Хосе Гарсия Вилья - Во имя жизни
Додонга, для которого жизнь уже не казалась такой радостной, как в те семнадцать лет...
Однажды ночью он поднялся с циновки, где лежал рядом с женой, и вышел из дому. Он спустился во двор и стоял в лунном свете, усталый и раздраженный. Он хотел получить ответ на мучившие его последнее время вопросы, хотел понять что-то самое главное...
Почему жизнь не похожа на то, что видится в юношеских мечтах? Совсем не похожа — разве это справедливо? И почему человека покидает любовь?..
Додонг не находил ответа. Может, на этот вопрос вообще нет ответа... Может быть, именно в юности человеку свойственно мечтать о несбыточном, прекрасном как сон...
Додонг вернулся в дом недовольный собой. Он хотел стать чуточку мудрее. И даже в этом ему было отказано.
Однажды Блас — ему уже исполнилось восемнадцать — возвратился домой радостный и возбужденный. Додонг слышал его шаги — он стал плохо спать по ночам. Он слышал, как сын разделся в темноте, стараясь не шуметь, и лег. Но не засыпал, а долго ворочался на своей циновке. Додонг негромко окликнул его.

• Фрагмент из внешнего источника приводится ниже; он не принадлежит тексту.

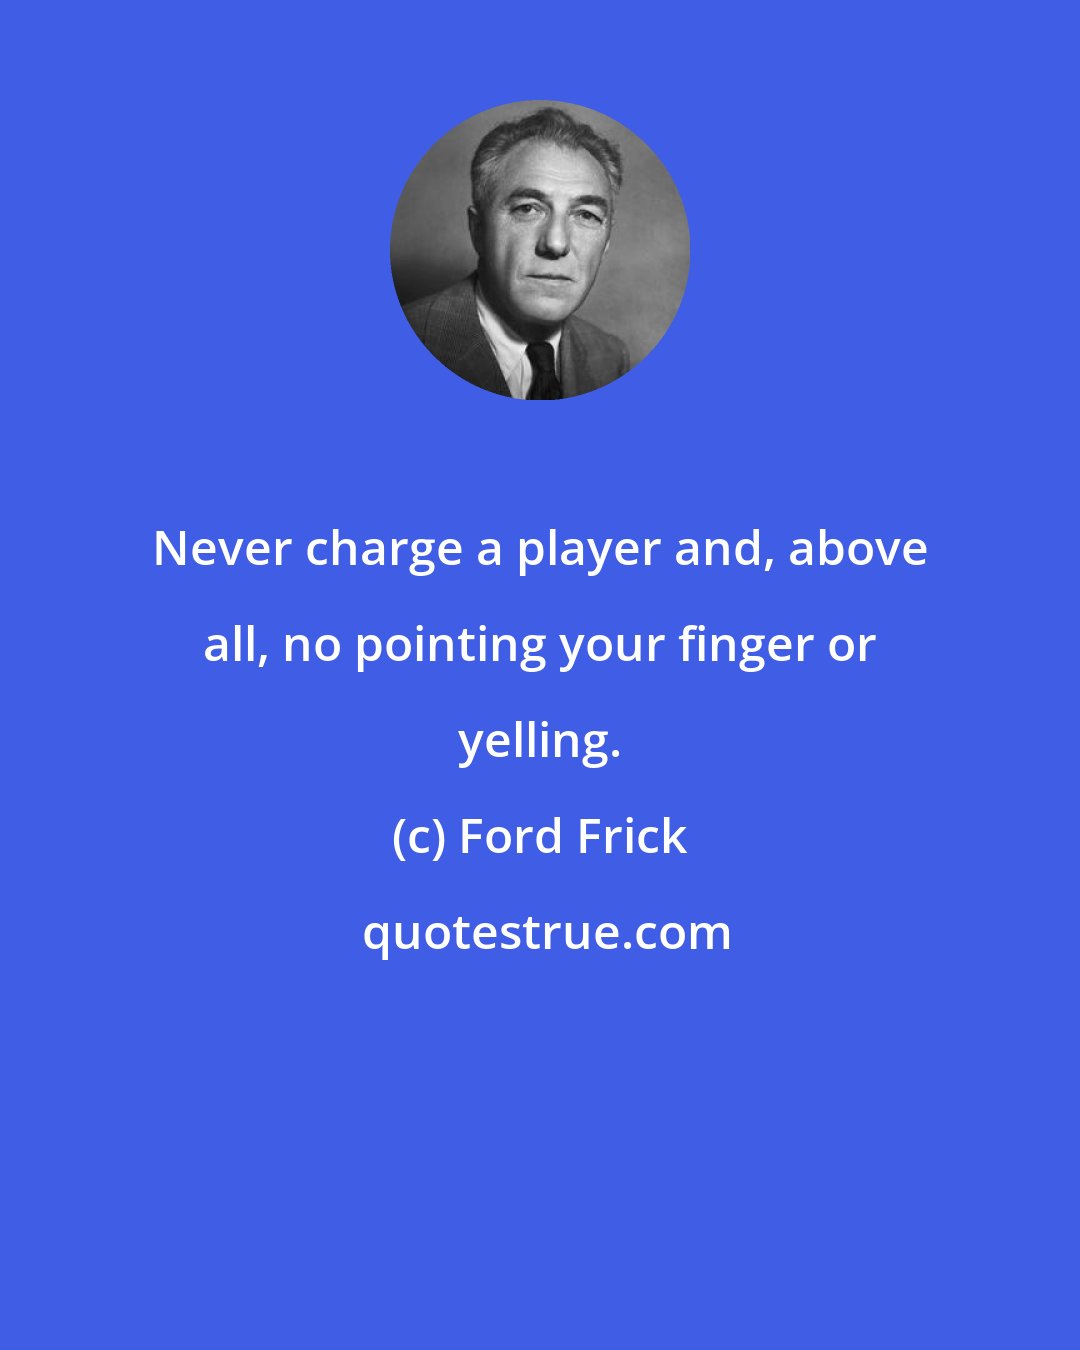 Ford Frick: Never charge a player and, above all, no pointing your finger or yelling.

— Ты почему не спишь, Блас? Спи, спи, давай. Уже поздно!
Сын приподнялся на локте и что-то невнятно проговорил тихим дрожащим голосом.
Но Додонг уже не слышал, он вернулся к своим мыслям.
— Татай... — снова слабо произнес Блас.
Додонг зашевелился и спросил, в чем дело.
— Я собираюсь жениться. На Тона. Она согласилась сегодня. Татай, ты что скажешь?
Додонг лежал молча.
— Я люблю Тона и хочу...
Додонг поднялся с циновки и велел Бласу идти за ним. Они спустились во двор, где было тихо и безветренно. Луна светила холодным серебряным светом.
— Значит, ты задумал жениться на Тона?.. — сказал Додонг. Он не хотел, чтобы Блас сейчас женился. Сын еще очень молод, и жизнь, которая начнется вслед за женитьбой, будет трудной, совсем не такой, какой она ему видится сейчас...
— Да.
— Это обязательно?
— Я женюсь на Тона! — Жестко, с обидой проговорил Блас.
Додонг молчал, больно задетый тоном, каким были произнесены последние слова.
— Ты почему-нибудь против, татай? — резко спросил Блас.
— Н-нет, сын... «Видит бог, я желаю ему добра. Просто ему еще рано жениться... Рано. Надо подождать».
Но он был беспомощен. Он не мог ничего поделать.
Сейчас должна победить Молодость. Сейчас должна победить Любовь. А после... после победит Жизнь...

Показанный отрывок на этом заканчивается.